Молодому путнику были, по-видимому, неприятны такие расспросы, но, будучи обязан ответом, он нерешительно сказал:
— По моему платью видно, что я студент. К тому же — вы поверите мне, если я прибавлю это — странствующий. А коли хотите еще больше знать, то сообщу вам, что имею честь быть бакалавром медицины и теперь еду из Цехпггадтского университета к себе на родину.
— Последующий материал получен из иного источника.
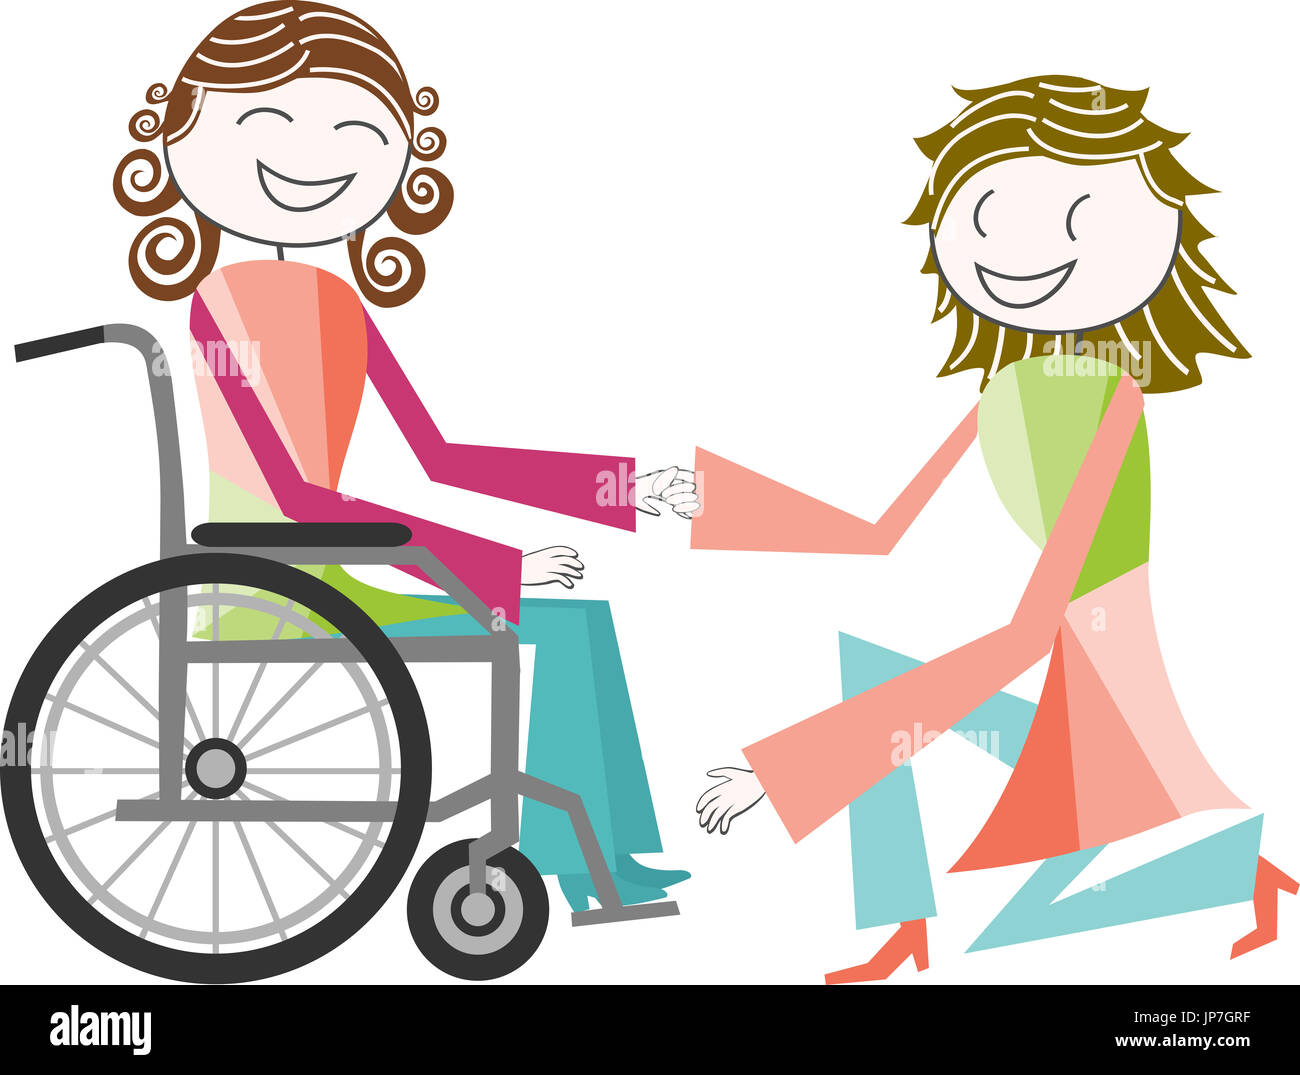 A disabled person in a wheelchair is assisted by a person, friend or caregiver Stock Photo

— Эге! — воскликнул его собеседник. — Вот это счастливая встреча! Знайте же, господин бакалавр, что и я ученый медик. Меня зовут доктор Рапонтико, и родом я из Падуи. Парень с кнутом — мой помощник Бальтазар Клипперлинг из Вены. Затем мои лошадки — Пирам и Фисба, а там наверху сидит мой шпиц Залеп. Ну вот, теперь вы знаете всех моих домочадцев! Сам же я в Падуе и Болонье основательно изучил медицину. Кроме того, тщательно штудируя старинные рукописи и беспрерывно занимаясь медитацией и опытами, я постиг многие тайны, о которых здесь и не подозревают. Теперь я объезжаю Германию для распространения моего секретного лекарства — арканума. Не один владетельный князь принимал меня при дворе с пышными почестями. Многие заклинали меня стать их лейб-медиком, но я всегда уклонялся от их предложений, так как, осев, не мог бы ездить по всей стране, оказывая помощь. Нет, это не годится, ибо все человечество должно пользоваться медикаментами доктора Рапонтико.
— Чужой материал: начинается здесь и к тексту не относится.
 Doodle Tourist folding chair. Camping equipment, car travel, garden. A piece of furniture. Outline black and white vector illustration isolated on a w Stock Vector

Студент косо посматривал на говорившего. Он знал отлично, что представляет собой подобный разъезжающий врач и, будучи бакалавром медицины, чувствовал себя далеко стоящим от шайки шарлатанов — составителей мазей и мелочных торговцев зельями. Но ему не хотелось горделивой речью обижать человека, оказавшего гостеприимство, и студент, позволив титуловать себя коллегой, не без удовольствия стал прислушиваться к хвастовству доктора.
— Да, — продолжал тот, — меня почитали всюду, и где бы я ни был, — везде и молодые и старые ценили мои целительные напитки и лекарственные кашки. Но есть у меня, конечно, также враги и противники. К ним принадлежат мои оседлые коллеги, устраивающие на моем пути всяческие препятствия. Ничего нет удивительного, что эти бедные шельмы зеленеют и желтеют от зависти, потому что перед моими эликсирами, пилюлями от живота и мазью от зоба никакие их средства устоять не могут! В Цехштадте, — где и я жил последнее время, — господа профессора постановили запретить с помощью властей применение моего искусства, но от этого моя тайная практика не уменьшилась, лекарства распространялись вовсю. Даже супруга доктора Гензиуса, моего наиболее яростного противника, была у меня в гостинице и спрашивала совета насчет своего зоба. Разве это не триумф моего искусства? Там же, в Цехштадте, узнал я одну странную историю. Вы, однако, сами тоже ведь идете из университета и, вероятно, слыхали о дьявольских заклинаниях, всполошивших всех тамошних кумушек?
С большим вниманием рассматривая свои ногти, бакалавр ответил, что он уже давно вышел из города, в пути останавливался у родственников и друзей, говорил не раз с пасторами, но ничего подобного не слыхал.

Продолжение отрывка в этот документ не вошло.